As promised, not long after sunset, Youssef turns up, climbs into Emma and we tootle off to his home in a little town by the side of an oasis. When we arrive, the whole family is crowding onto the street to welcome us, mother, sisters, cousins, and many children.
Over the last years, Youssef has built a big house for his near and extended family. It’s by no means finished, but they have already moved in. Maybe they have another house in the village, we don’t know, but for tonight they are all here, including his ailing father who is recovering from a recent eye operation.
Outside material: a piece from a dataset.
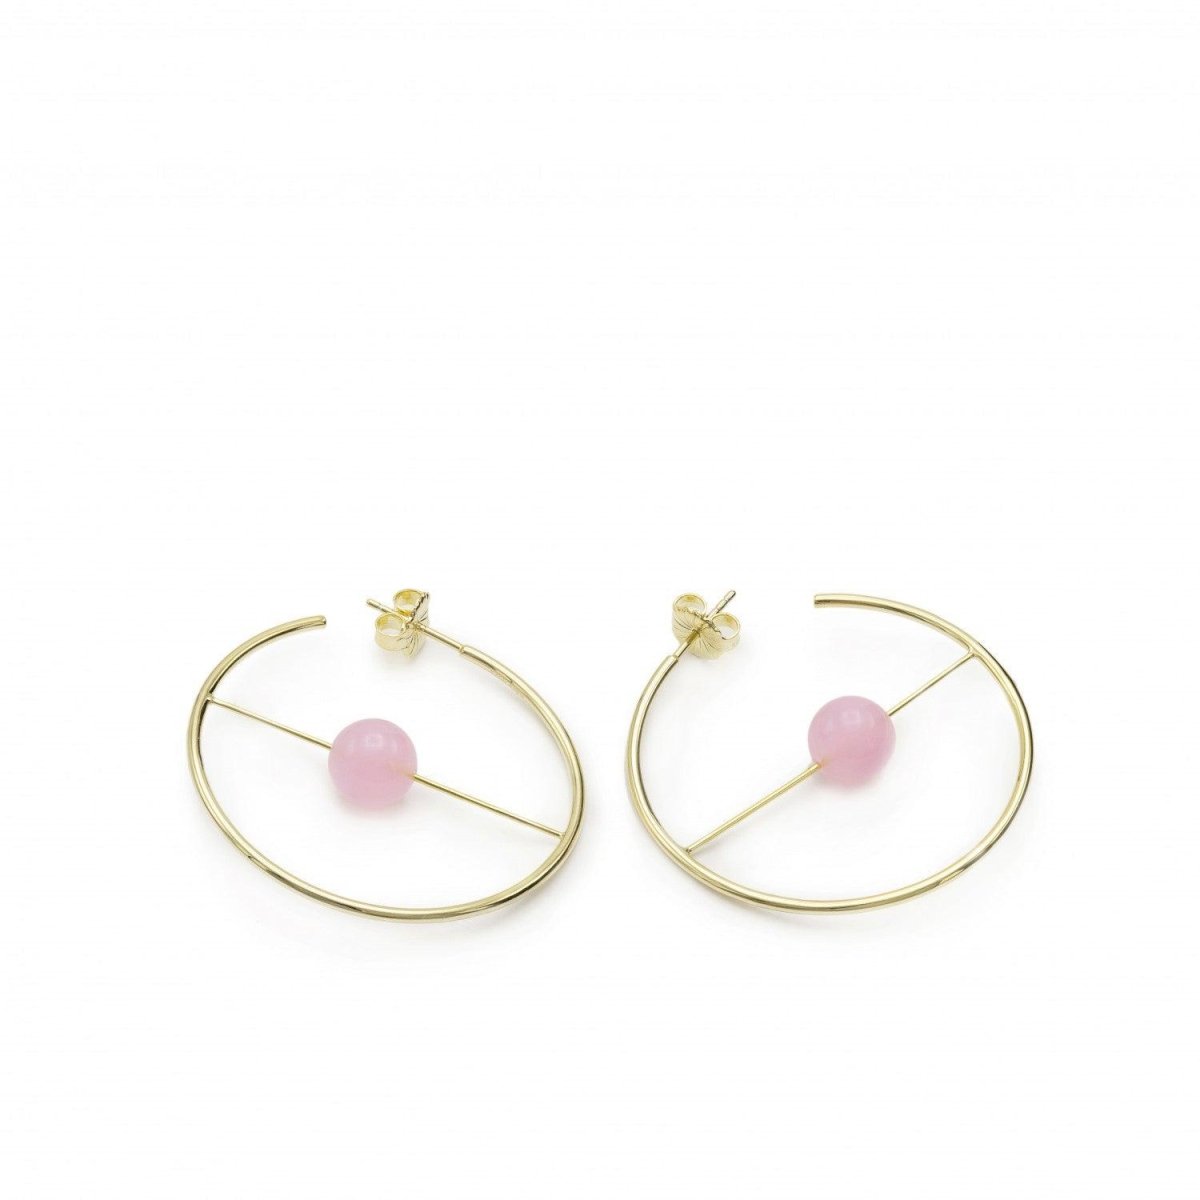 Pendiente · Aros dorados diseño circular y barra con cuarzo rosa central

The house has electricity, many rooms, several storeys high, a television, a washing machine and a basic kitchen, but apart from that, there is a distinct feeling that this family has only just moved in, or possibly it’s their first house ever. It is literally still a concrete shell with holes for windows, no heating and hardly any doors and yet, the family is happy and very proud to show us all the nooks and crannies. So what I don’t understand, there are at least twelve people in this family and we get shown the whole house. In one room, I see two suitcases, but apart from that, there is no evidence of where people keep their clothes – no cupboards or shelves. Ditto in the kitchen, no tables or chairs and very few cooking utensils. The work is done on the ground, maybe a tarpaulin is spread out and this is where vegetables get peeled and food prepared.
It’s one thing to get one’s head around how little people need here to make their lives work, but there is another thing that I fail to understand: When you go to the souqs, there are many, many stalls offering stuff. You can get everything there – clothes, toys, kitchen utensils, carpets, food, furniture etc etc. But who buys all this, and where do they put it??? Every time we get invited to a house, we are struck by the sparseness. Even in families where we think it’s not out of necessity but out of choice.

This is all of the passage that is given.